Task to carry out
Exactly the line with "Mince - Rakousko" and the lines that follow it, through the closing line of the entries, should be restated, with nothing left out or added.

Entries supplied
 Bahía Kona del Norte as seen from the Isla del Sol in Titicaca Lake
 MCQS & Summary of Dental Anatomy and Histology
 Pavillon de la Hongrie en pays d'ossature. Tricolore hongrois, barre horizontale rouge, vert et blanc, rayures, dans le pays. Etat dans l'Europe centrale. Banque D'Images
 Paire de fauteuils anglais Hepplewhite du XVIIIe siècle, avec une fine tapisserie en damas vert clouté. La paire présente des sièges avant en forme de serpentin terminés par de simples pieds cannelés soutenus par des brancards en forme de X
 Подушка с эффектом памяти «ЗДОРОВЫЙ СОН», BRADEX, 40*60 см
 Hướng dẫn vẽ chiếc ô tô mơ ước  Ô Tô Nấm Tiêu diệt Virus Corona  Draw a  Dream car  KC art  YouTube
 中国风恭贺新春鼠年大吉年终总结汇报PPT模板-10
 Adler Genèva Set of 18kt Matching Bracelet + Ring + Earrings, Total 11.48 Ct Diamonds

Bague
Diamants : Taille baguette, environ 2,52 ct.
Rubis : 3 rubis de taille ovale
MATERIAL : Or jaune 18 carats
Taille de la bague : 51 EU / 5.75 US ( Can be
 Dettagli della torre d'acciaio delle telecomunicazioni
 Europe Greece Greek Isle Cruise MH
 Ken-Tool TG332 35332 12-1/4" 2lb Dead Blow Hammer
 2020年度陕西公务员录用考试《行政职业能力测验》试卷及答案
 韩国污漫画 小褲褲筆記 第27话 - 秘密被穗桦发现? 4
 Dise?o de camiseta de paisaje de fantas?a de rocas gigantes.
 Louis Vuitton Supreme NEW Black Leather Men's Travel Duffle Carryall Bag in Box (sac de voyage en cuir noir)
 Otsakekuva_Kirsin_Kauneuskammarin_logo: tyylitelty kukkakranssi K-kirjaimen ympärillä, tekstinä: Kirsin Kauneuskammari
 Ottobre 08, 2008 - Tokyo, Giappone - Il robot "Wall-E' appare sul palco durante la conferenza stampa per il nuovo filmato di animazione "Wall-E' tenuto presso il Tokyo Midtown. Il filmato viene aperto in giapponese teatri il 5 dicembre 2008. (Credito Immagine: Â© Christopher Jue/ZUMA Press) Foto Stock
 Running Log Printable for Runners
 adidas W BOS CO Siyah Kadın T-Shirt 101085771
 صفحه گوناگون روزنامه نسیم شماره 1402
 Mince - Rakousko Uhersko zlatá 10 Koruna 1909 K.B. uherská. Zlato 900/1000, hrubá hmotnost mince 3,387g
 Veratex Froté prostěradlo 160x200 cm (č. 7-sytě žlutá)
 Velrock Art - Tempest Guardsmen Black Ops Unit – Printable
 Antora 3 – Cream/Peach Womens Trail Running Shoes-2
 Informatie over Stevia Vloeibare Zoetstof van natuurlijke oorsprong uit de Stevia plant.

Answer area
 Mince - Rakousko Uhersko zlatá 10 Koruna 1909 K.B. uherská. Zlato 900/1000, hrubá hmotnost mince 3,387g
 Veratex Froté prostěradlo 160x200 cm (č. 7-sytě žlutá)
 Velrock Art - Tempest Guardsmen Black Ops Unit – Printable
 Antora 3 – Cream/Peach Womens Trail Running Shoes-2
 Informatie over Stevia Vloeibare Zoetstof van natuurlijke oorsprong uit de Stevia plant.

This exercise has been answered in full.